В тексте Никоновской (и совпадающей с ней в данном эпизоде Симеонов-ской), а также в Софийской I и Воскресенской летописях, Рогожском летописце описание битвы насыщено воинскими формулами: и бысть им бой и брань зело люта и сеча зла (Ник., с. 5); и бысть имъ велика с гча (Соф., с. 436); и бысть межи ими сеча зла (Воскр., с. 28); и бысть имъ бои, брань люта и сеча зла (Р.Тв., с. 76). Отметим, что в «Повести временных лет» и других летописях

южнорусской традиции эпитеты употреблялись в укороченном варианте бысть сеча зла, бысть брань люта, люто бо бе бой. Н.В. Трофимова, анализируя эволюцию и становление воинских формул начала битвы и рассуждая о расширении формулы (брань крепка зело и сеча зла), отмечает: «Соединение, причём с усилением эпитета в первом варианте формулы при помощи наречия, безусловно, говорит о желании летописца усилить экспрессию» [12, с. 72].

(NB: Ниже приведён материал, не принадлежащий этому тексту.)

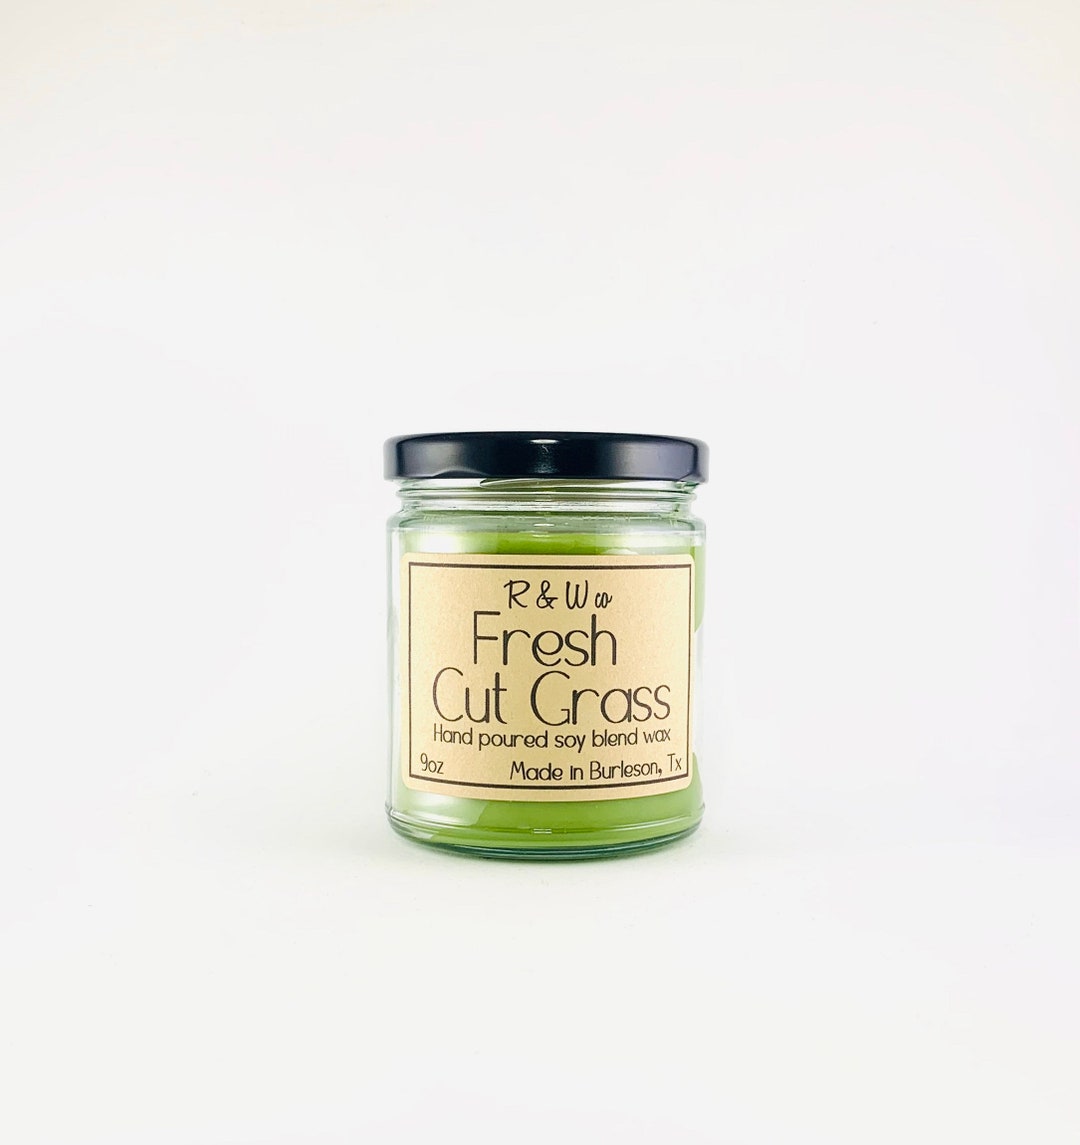 Cut Grass & Seaweed Amazing Quality Fragrance Oils Soy Wax Vegan Scented  Candle in Apothecary Jars -  UK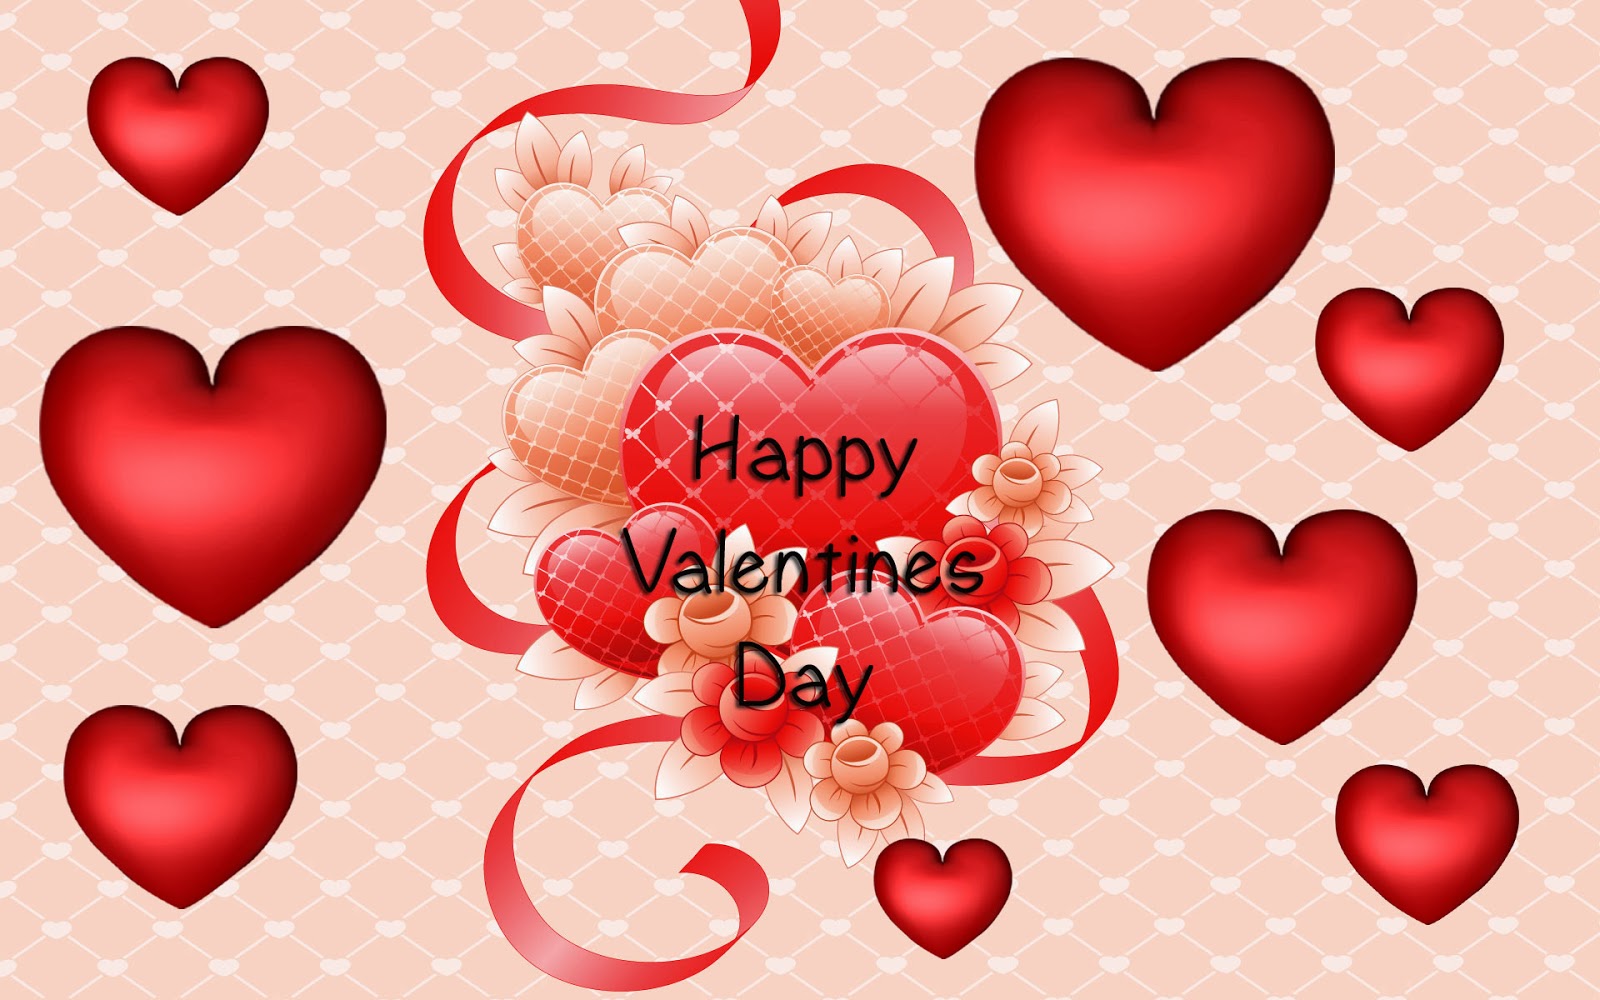 Valentines day HD Images with Red heart symbols Free Download

В случае с Никоновской летописью (и бысть им бой и брань зело люта и сеча зла) и Рогожским летописцем (и бысть имъ бои, брань люта и сеча зла) мы имеем ещё более расширенный вариант формулы, свойственный общерусским сводам XV — XVI вв. Экспрессивность повествования, граничащая с эмоциональной оценкой происходящего и характерная для манеры книжника стиля «второго мо-нументализма» XVI в., позволяет оценить его как очевидца, современника описываемых событий. В случае с Рогожским летописцем можно предположить использование «списателем» в качестве протографа Симеоновской или Никоновской летописи, которые, в свою очередь, пользовались Рязанским сводом. Это подтверждают и наблюдения Я.С. Лурье [13, с. 154], А.Н. Насонова [10, с. 189].

Таким образом, «рязанский» текст в пространном рассказе о битве под Ши-шевским лесом на реке Воине, подробная редакция которого содержится в Си-меоновской и Никоновской летописях, вероятнее всего, принадлежит рязанцу. Летописная интерпретация этого события интересна стилевым наполнением и художественными особенностями. Для книжников того времени событие примечательно внезапностью нападения и поведением рязанского князя и его союзников, сумевших быстро вернуть пленённых горожан и утерянные земли. Об этом свидетельствует предыстория прихода Тагая на Рязань, детали описания битвы, точная локализация сражения, ошибка в именовании Карачевского князя Тита Козельским, экспрессивное расширение воинской формулы. Другие своды с различной степенью точности воспроизвели текст Рязанской летописи по общерусским источникам.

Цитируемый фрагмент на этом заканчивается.